Find 1/(a - 1) + 1/(b - 1) where a and b are the roots of the quadratic equation 2x^2-7x+2 = x^2-11x+1.
+2668 Simplify the equation to \(x^2 + 4x + 1 = 0\)
Note that\({1 \over (a - 1)} + {1 \over(b - 1)} = {(b-1) \over (a - 1)(b-1)} + {(a-1) \over(a-1)(b - 1)} = {{a + b - 2} \over ab−a−b+1} = {{(a + b )- 2} \over ab−(a+b)+1 }\)
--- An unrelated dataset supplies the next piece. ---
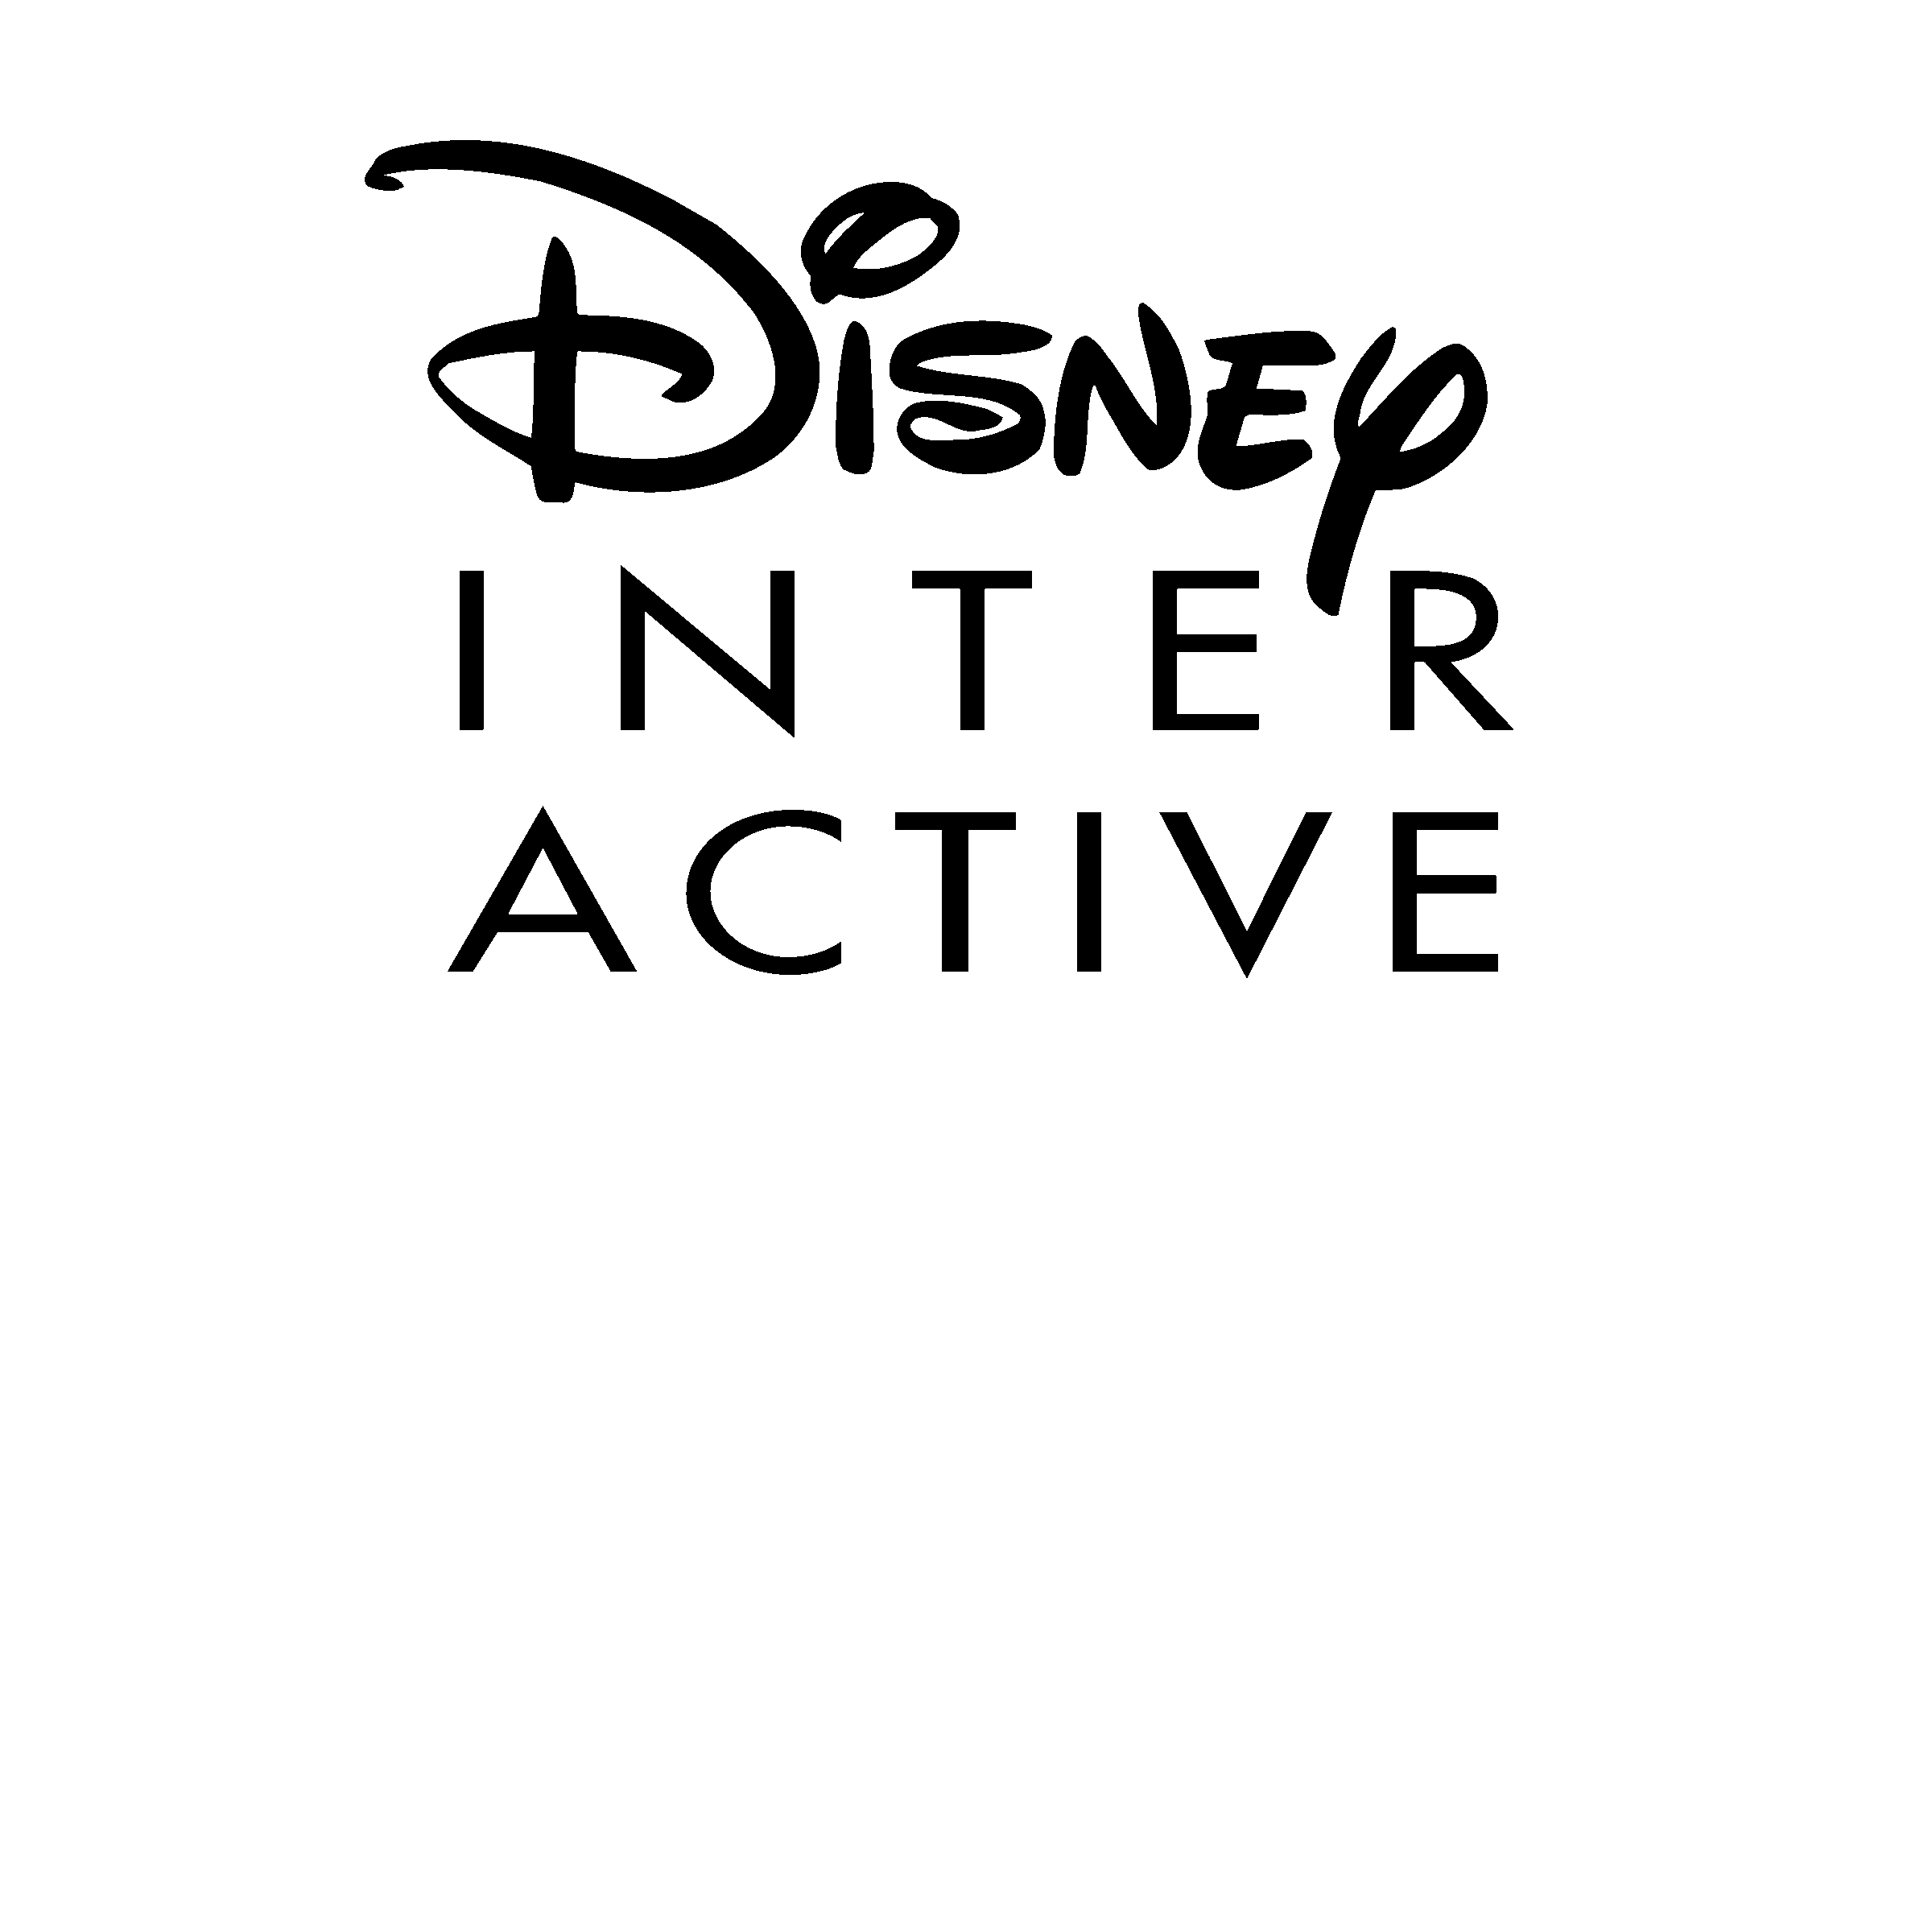 Disney Interactive Logo - Disney Interactive Logo PNG Transparent & SVG Vector

Now, recall that \(a + b = -{b \over a} = -4\) and \(ab = {c \over a} = 1\).
Substituting this in gives us \({{-4 - 2} \over 1 + 4 + 1 } = {-6 \over 6} = \color{brown}\boxed{-1}\)
+289 Here is a different solution:
Root transformation!
2x^2 - 7x + 2 = x^2 - 11x + 1
x^2 + 4x - 1 = 0
If a, b are the solutions. Then a-1, b-1 are the solutions to the equation below:
(x+1)^2 + 4(x+1) - 1 = 0
x^2 + 6x + 4 = 0
The reciprocal of the roots of this equation would be reversed:
4x^2 + 6x + 1 = 0.
The sum of the roots is -6 by vietas.